The new space will allow the growing dance company-which currently has 650 students and 13 professional dancers-to expand into the top three floors. And the Stephen Gaynor School, an independent nonprofit school for children from 5 to 13 years old with “learning differences,” will vacate its current West 74th Street location and occupy the lower seven floors of the new building. The move will allow the school to expand enrollment from 120 to 165 students and to begin a community reading program.

At the July 1 board meeting, representatives for the ballet and the school now sought Board 7’s approval to alter the zoning resolution that governs the site. Thanks to the expiration last year of a federal statute, called an Urban Renewal Plan, that governed the Upper West Side for over two decades, the two institutions have new leeway to release themselves from a restriction that limited the potential size of the building to 13,092 square feet. Their latest request to the board was to free the space from the jurisdiction of yet another building code, called the Large Scale Residential Development Plan, which had been added in the 1970’s to modify the now-expired U.R.P.

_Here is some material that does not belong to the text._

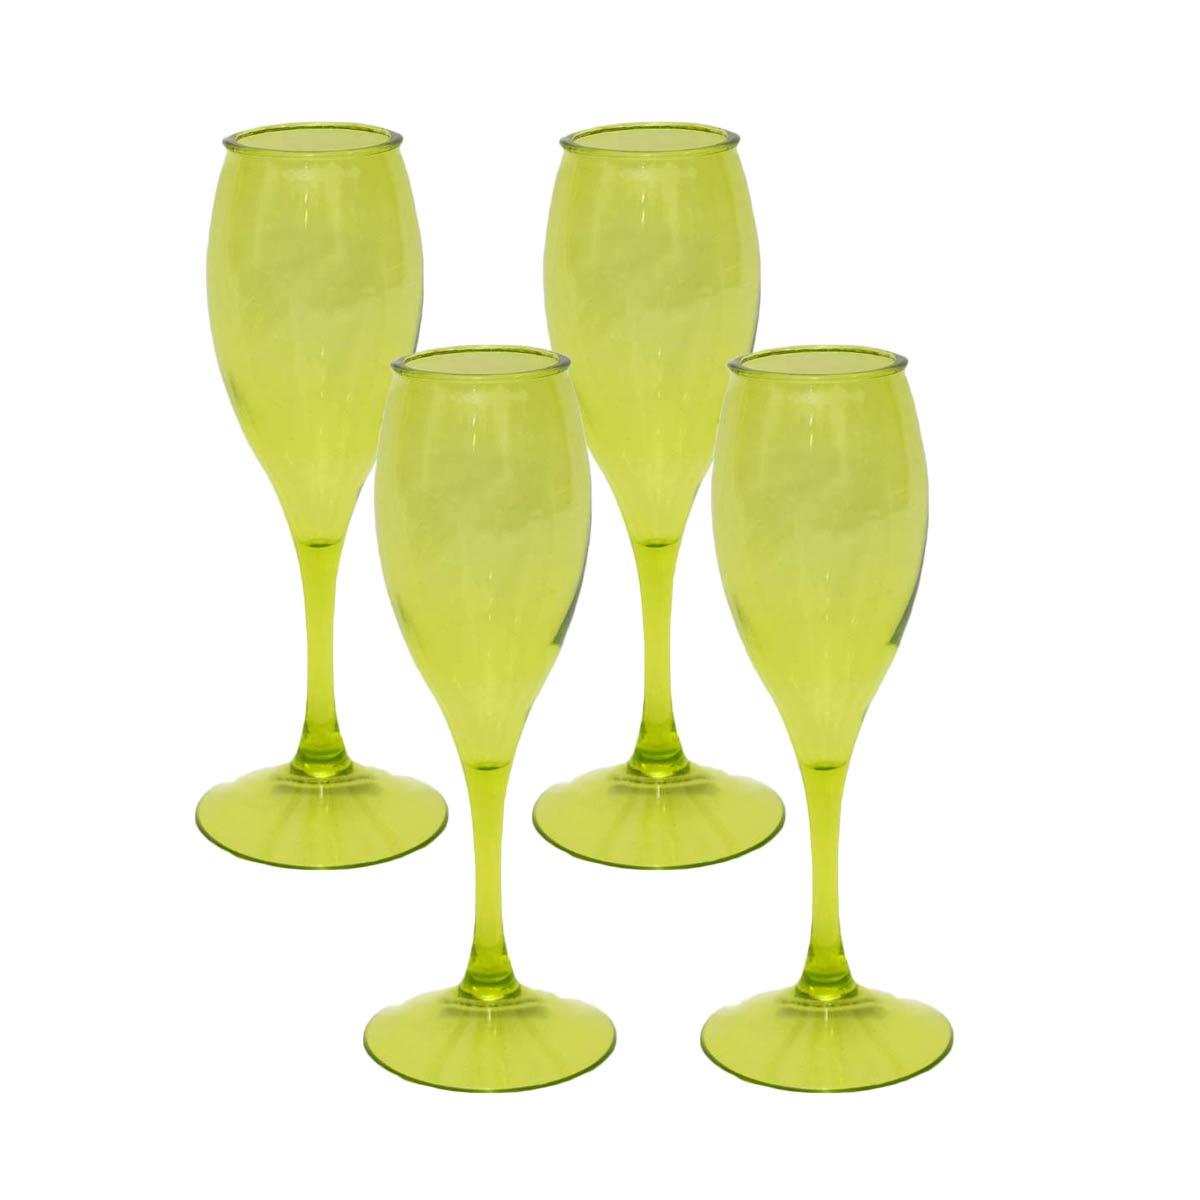 Kits 4 Taça para Champagne Acrílico Verde 220 ml  - Lemis

Following the board’s unanimous approval of the measure, Scott Gaynor, director of the school, told The Observer : “We’re grateful to Community Board 7 and New York City for giving us the opportunity to expand our services and address more children in the Upper West Side community.”

The board’s decision will be sent to the office of Manhattan Borough President C. Virginia Fields for a period of 30 days, after which the matter will go before the City Planning Commission for a public hearing and a final vote.

Meanwhile, Board 7 members have what land-use committee co-chairwoman Hope Cohen described as “an exciting land-use training program” seminar to look forward to in September.

-Benjamin Ryan

July 24: Board 2, New York University Law School, 40 Washington Square Park South, Room 110, 6:30 p.m., 212-979-2272.